When all possible individuals are considered, the selection of non-dominated individuals is called the Pareto-optimal set or the Pareto-front. The Pareto-front is the ideal solution of an EMOO problem. For many problems however the complete Pareto-front is very large. Therefore, in practice the goal for an EMOO algorithm is to find a representative selection of the Pareto-front.

5.1 Test-based problems as multi-objective problems

How does the EMOO framework relate to coevolution? In other words, what are the objectives in a test-based problem? As remarked above, the idea of Pareto-coevolution is to view each test as a single objective, and this defines a valid solution concept. Thus, any test-based problem can be seen as a multi-objective problem. For many problems of interest however, the tests will not all be independent. There may be a smaller, more meaningful set of objectives that determines the outcomes of the tests.

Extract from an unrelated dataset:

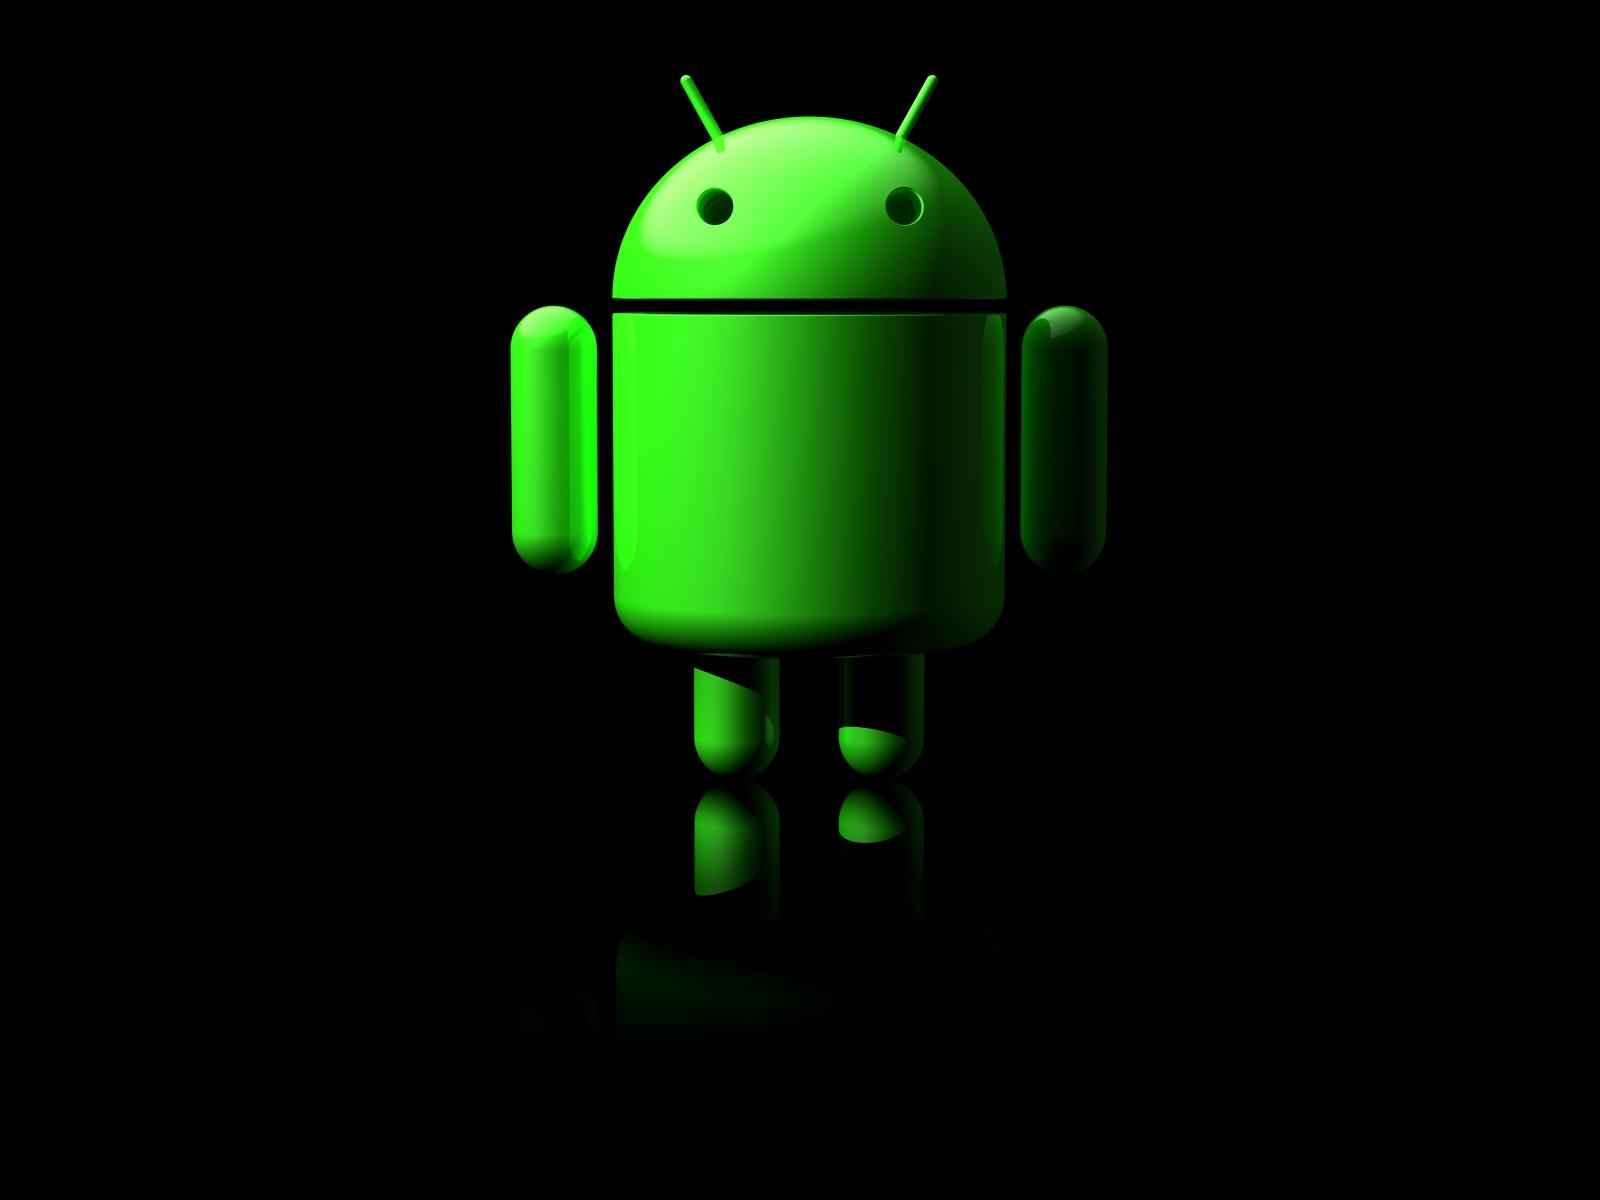 http://3.bp.blogspot.com/-CdwLvHIOvF4/UENIjMD54oI/AAAAAAAAAjA/EBXcsEt-uaE/s1600/android%252Bwallpaper%252B3d%252B1.jpg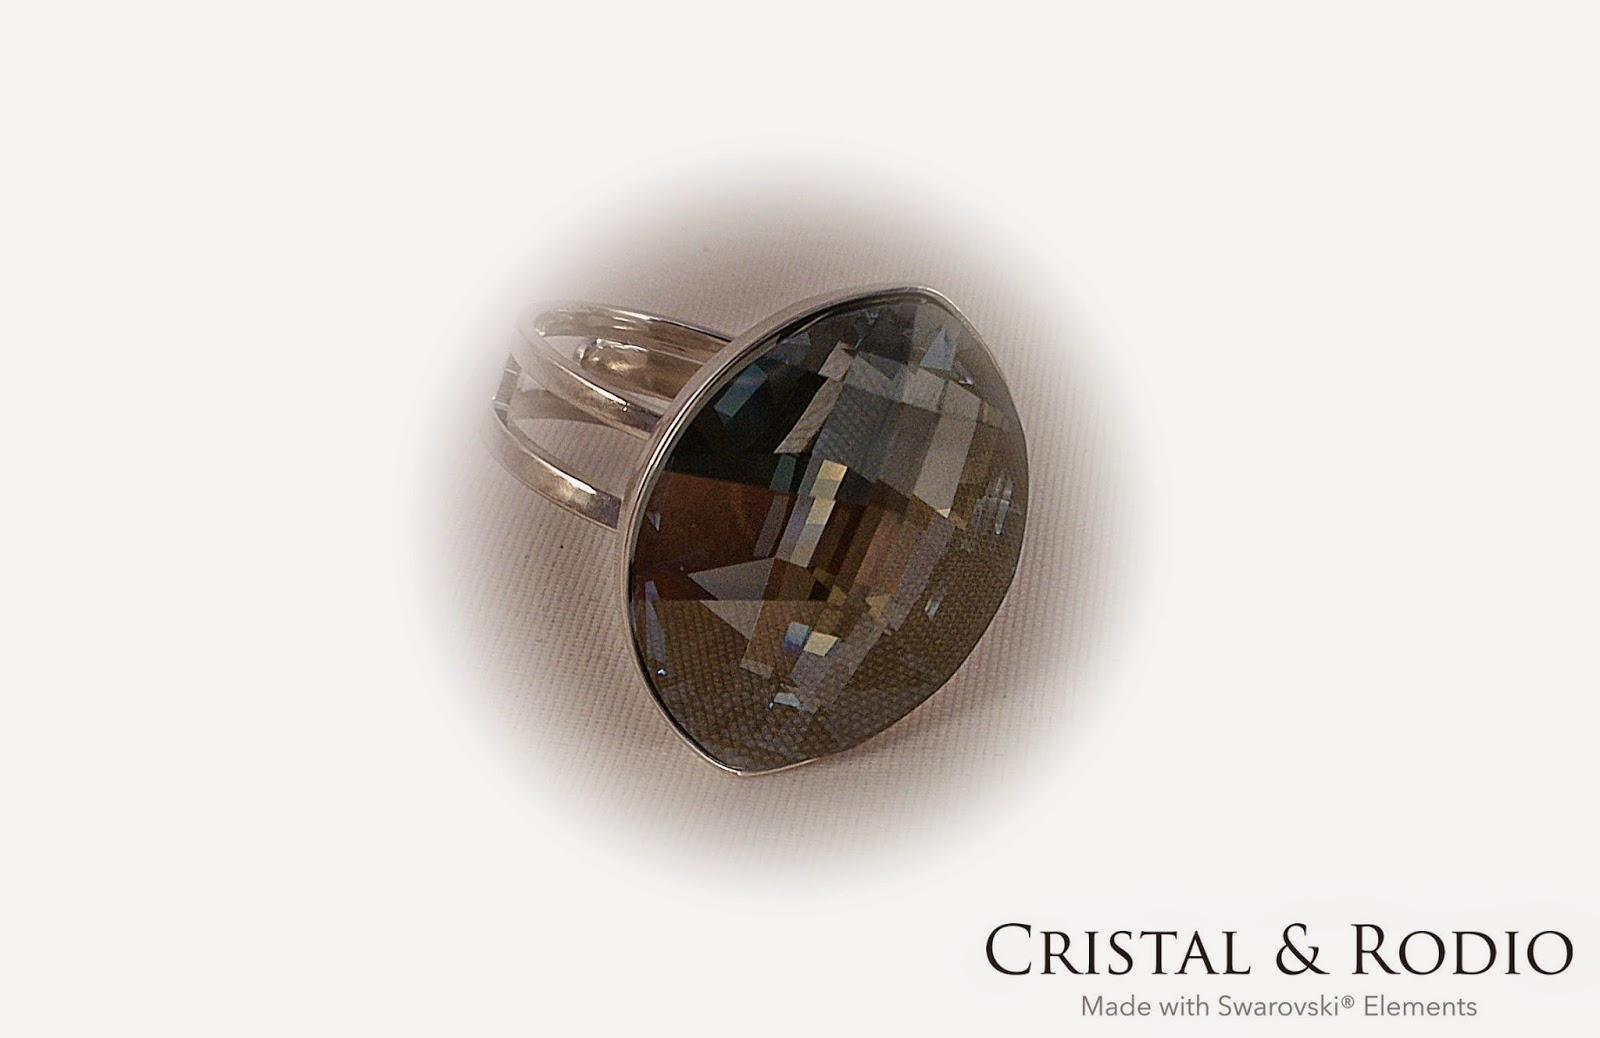 Anillo con cristales de swarovski i sin garra cristal y for Anillos de rodio precio

Example: When testing the strength of a bridge, we can imagine a series of tests applying increasing loads to the bridge to see if it can bear the load: 100 kg, 500 kg, 2000 kg, etc. If the bridge can bear a heavy load (e.g. 2000 kg), it will also be able to hold any lighter loads. Therefore, the three tests in this example can be seen as testing on the same objective, namely a strength objective. Here it is clear from the descriptions of the tests that the tests represent different thresholds for a single underlying objective, namely strength. However, the same relation between tests can be present when no such description is available. For instance, it may be the case that 10 different opponents in chess represent increasingly difficult thresholds for a single underlying objective of chess, which might be like 'tactics', or 'quality of play in the mid-game'. This is the case when each opponent fails at least those players failed by the previous opponent and one or more other players.

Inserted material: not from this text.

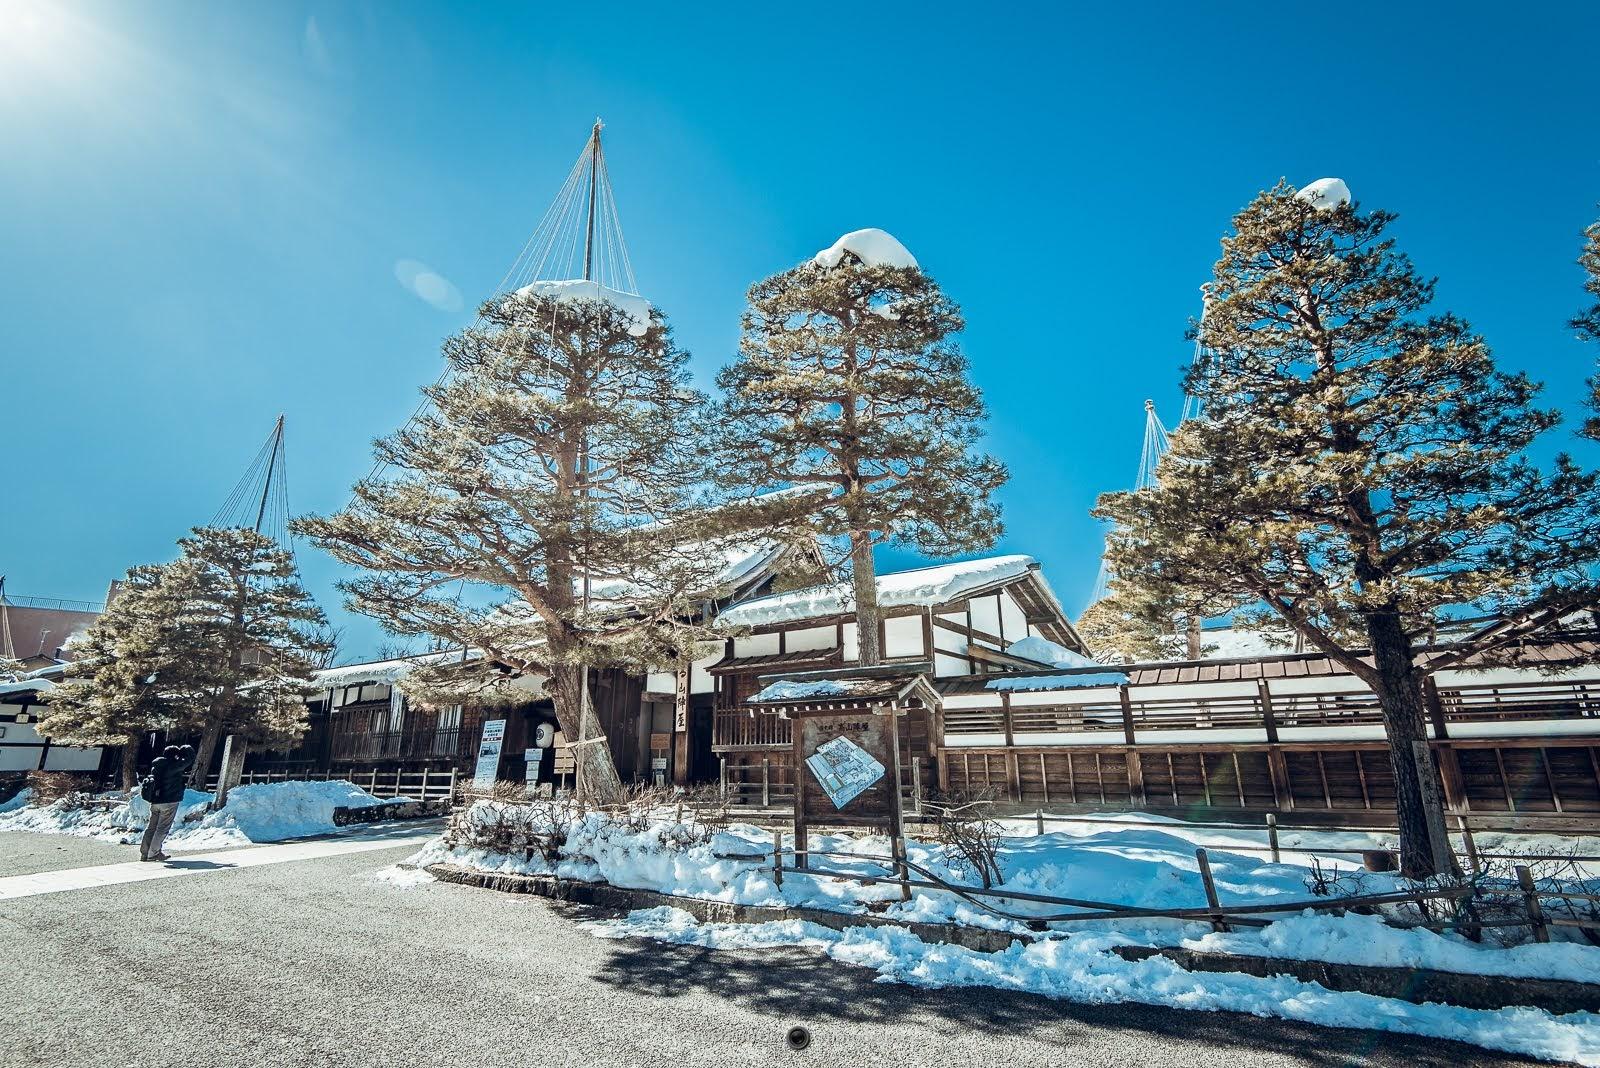 [日本] 高山市一日遊 高山市區4大景點地圖&交通方式 - 大男孩的相機旅行

5.2 The underlying objectives of a test-based problem

The above makes clear that there can be hidden or underlying objectives in a problem. If this is the case, i.e. unless all tests test on entirely different aspects, we only need information about some of all possible tests to compare different individuals. For example, if we know that one candidate solution to a bridge coevolution problem holds the 2000 kg load and another bridge does not, then we don't need to perform any other weight tests to know which of the two designs is the stronger one. Moreover, for a given set of learners, the set of tests required can be further reduced by realizing that a comparison in EMOO can only have three possible outcomes, as will be discussed below.

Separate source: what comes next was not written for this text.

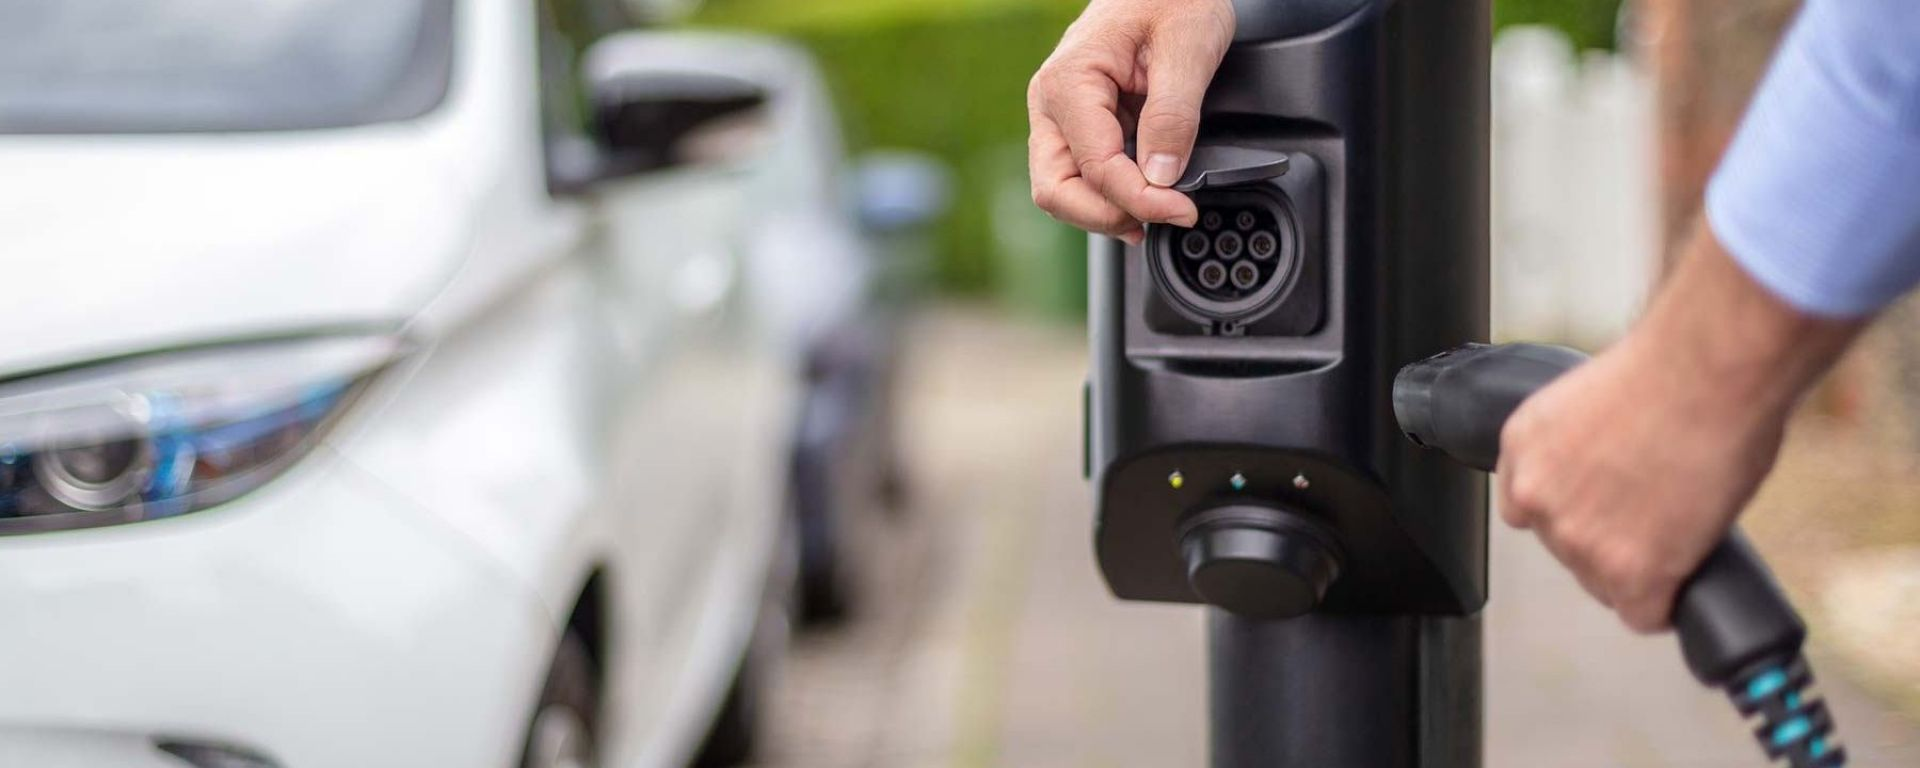 Auto elettrica, proprietari soddisfatti

In joint work with Anthony Bucci, we are studying how the underlying objectives may be extracted from a given problem. Implicitly, a test-based problem defines a space, and the idea behind this research is to study the structure of this space; for more information on this, see Anthony's page on the geometric view of coevolution. Experimental results with the DELPHI algorithm suggest that coevolution methods can identify the underlying objectives of a problem.

6. Ideal Evaluation

From the above, we can conclude that any test-based problem has some set of underlying objectives, and that individual tests give us information about differences between learners in their objective values. A natural question then is: which tests do we need in order to perform accurate evaluation of learners? To answer this question, we first observe that there can only be three cases when comparing two learners a and b:

Thus, to perform ideal evaluation, we only need to know for every pair of learners whether one learner dominates the other or not. We therefore define the ideal evaluation function Fideal(a, b) as a function that tells whether learner a dominates learner b:

Fideal(a, b) = dominates(a, b)

where dominance is based on all underlying objectives of the problem. A learner a dominates another learner b if a is higher than b in some objective while b is not higher than a in some objective. Thus, the only type of information we need in evaluating learners is whether one learner is higher than another in some objective. The underlying objectives of a problem follow from the test outcomes. Therefore, even if we don't know the underlying objectives of a problem (as in the case of chess for example), we know that any higher value for an objective must correspond to a higher outcome for some test (otherwise) and vice versa.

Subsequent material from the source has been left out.